In deze rubriek neemt Jaap Goedegebuure ons mee op een sentimentele reis langs zijn boekenkasten. Als hem bij een bepaalde titel een herinnering of een anekdote te binnen schiet, deelt hij die met ons.
Bij nader inzien
Zelden verliep een literaire loopbaan zo grillig als die van J.J. Voskuil. De 5188 bladzijden dikke mammoetroman Het Bureau maakte hem wereldberoemd in Amsterdam en omstreken en bleek ondanks de omvang zelfs een formidabele bestseller. Heel anders verging het zijn 1207 pagina’s tellende debuut Bij nader inzien (1963), dat zich tijdens het eerste naoorlogse decennium afspeelt onder Amsterdamse studenten Nederlands. Ik heb uitgever Van Oorschot vaak horen verzuchten dat hij met de onverkochte exemplaren gemakkelijk de Herengracht had kunnen dempen.
Ondanks het wansucces, aanleiding tot Voskuils besluit om geen fictie meer te publiceren, totdat de herdruk (1985) en de televisiebewerking (1991) van Bij nader inzien zijn schrijverschap onverwachts weer vlot trokken, gold het boek onder neerlandici als een pikante geheimtip. Dat had alles te maken met de herkenbaarheid van Voskuils personages. In het exemplaar dat in de jaren zeventig te leen was bij de Leidse instituutsbibliotheek neerlandistiek zat een leeswijzer die vermeldde dat David eigenlijk Enno Endt was en Hettie het spiegelbeeld van Frida Balk, en dat professor Hellinga hier Springvloed heette. Toen Frida Vogels in Voskuils slipstream ook een beroemd auteur werd, kwamen we nog te weten dat zij model had gestaan voor de enigmatische Henriëtte Fagel.
Het opvallendste karakter in deze Titaantjesclub, zeg maar de antagonist van protagonist Maarten Koning, is Paul Dehoes. Bij eerste kennismaking werd ik vooral getroffen door de karikatuur die Voskuil van hem had gemaakt. De monologen waarin Paul, een nerveus pratend, hanig mannetje met een klein hoofd en uitpuilende ogen, zich laat gaan, staan stijf van de frases die hij heeft gejat van zijn held Du Perron: ‘honnêteté’, ‘hiërarchie’, ‘lucide’, ‘ploertigheid’, en zo meer. De ridiculisering bereikt een climax wanneer Paul voor het eerst met zijn vriendin naar bed gaat. Vooraf heeft hij tegenover de vrienden flink opgeschept over zijn seksuele prestaties, maar die meteen ook gerelativeerd,  met erudiete praatjes à la Stendhal en Du Perron, over ‘kristallisatieproces’, ‘jacht op de Ene’ en ‘postcoïtum’. Als er echt niet meer aan de Daad valt te ontkomen, krikt Paul zijn potentie nog even snel op met behulp van een rauw ei. Zo zet je iemand aardig voor schut.

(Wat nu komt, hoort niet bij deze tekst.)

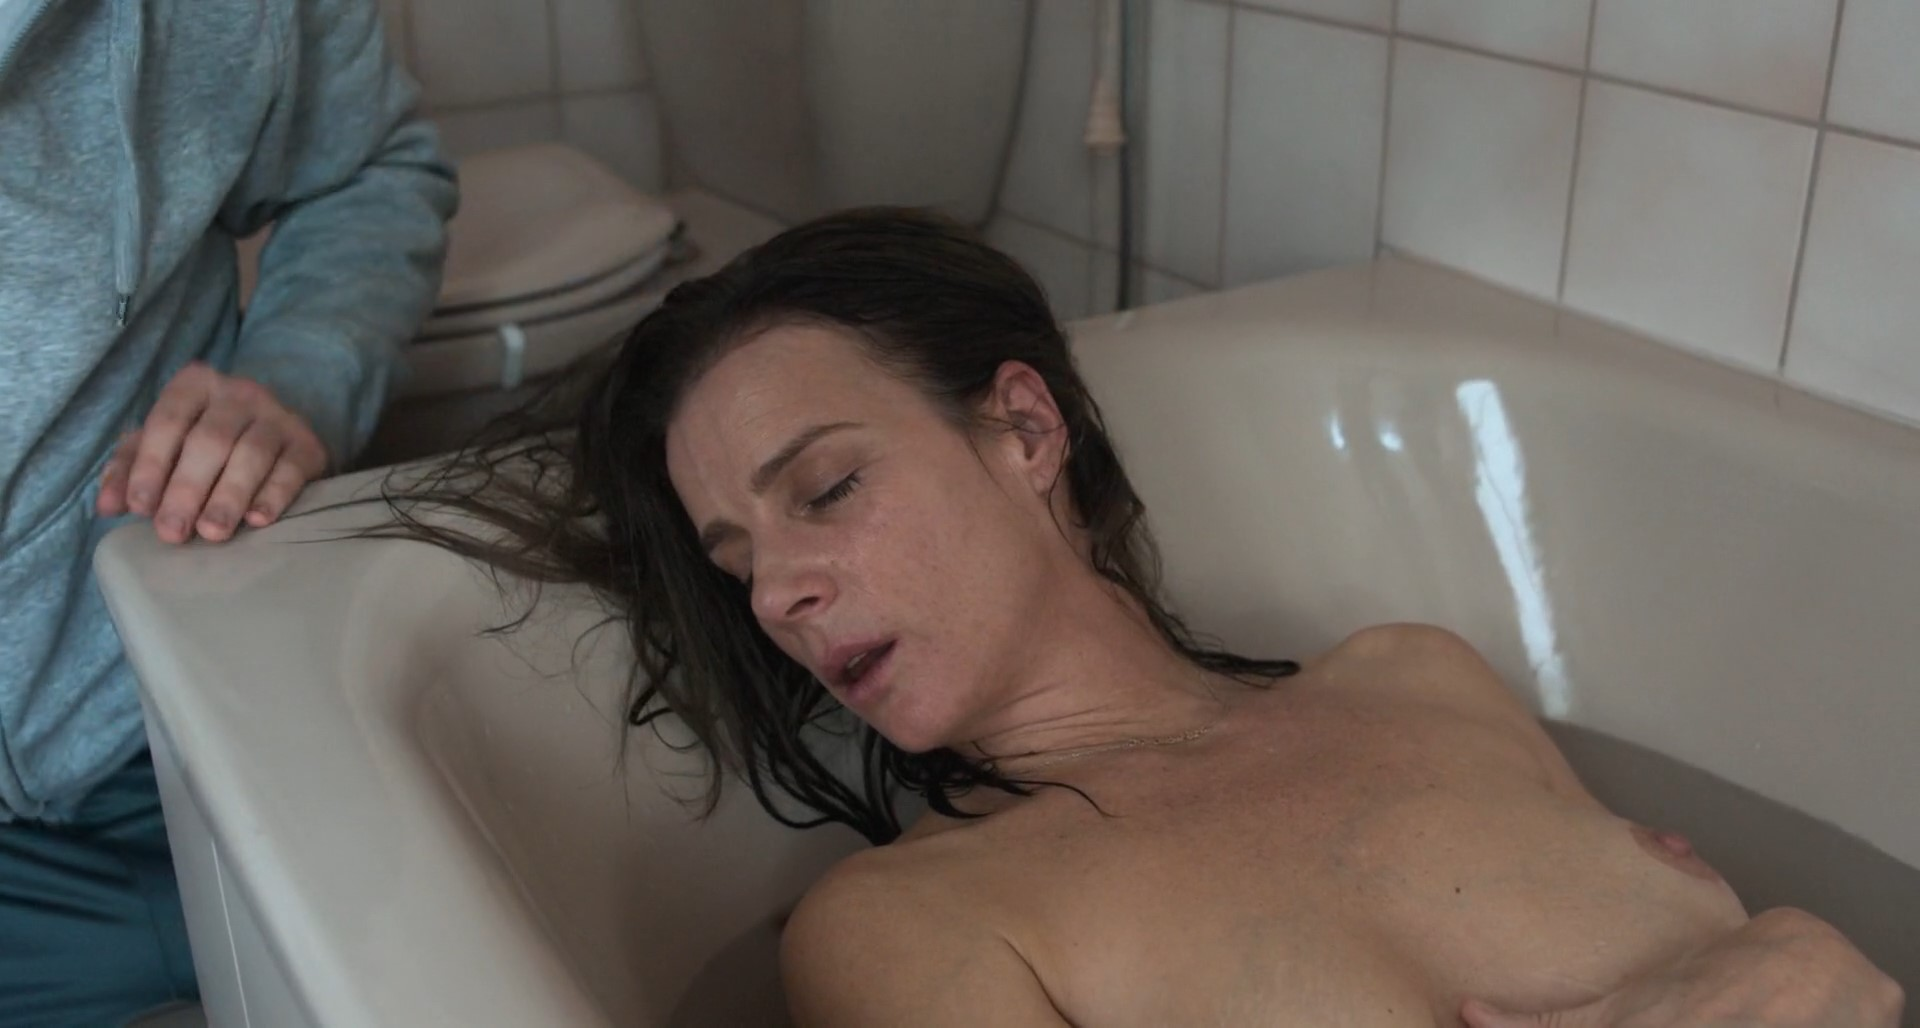 Rachel griffiths sex video

Bij tweede en derde lezing van Bij nader inzien zag ik dat de zojuist aangehaalde passages eerder uitzondering dan regel zijn. Het personage Paul is te levendig, te intelligent en uiteindelijk ook te tragisch om tot een karikatuur gereduceerd te kunnen worden. Als hij daar niet boven uitgestegen was had hij nooit kunnen voldoen aan de rol die Voskuil hem gaf: gelijkwaardige sparringpartner in het streven naar ‘zelfbevestiging’. De kwalificatie komt van Pauls model en Voskuils ex-vriend J.J. Oversteegen, erudiet en bevlogen redacteur van Merlyn, invloedrijk literatuurwetenschapper, enthousiasmerend docent én, zo weet ik uit eigen ervaring, een van de aardigste mensen in mijn vakgebied. Toen Oversteegen tegen het einde van zijn leven een vinger achter de gefictionaliseerde werkelijkheid van Bij nader inzien probeerde te krijgen, kwam er geen onvertogen woord uit zijn pen. Hij liet juist zien dat hij en Voskuil bevriend waren geraakt ‘omdat wij beiden tegen het eind van onze studie en in de jaren daarna onzekerder waren dan ooit over de vraag wat wij met ons leven aan moesten. Dat onzekerheid even wegvalt in de buurt van een andere onzekere, dat zal wel de bestaansreden van onze vriendschap geweest zijn.’ Daar past maar één woord bij: grootmoedig.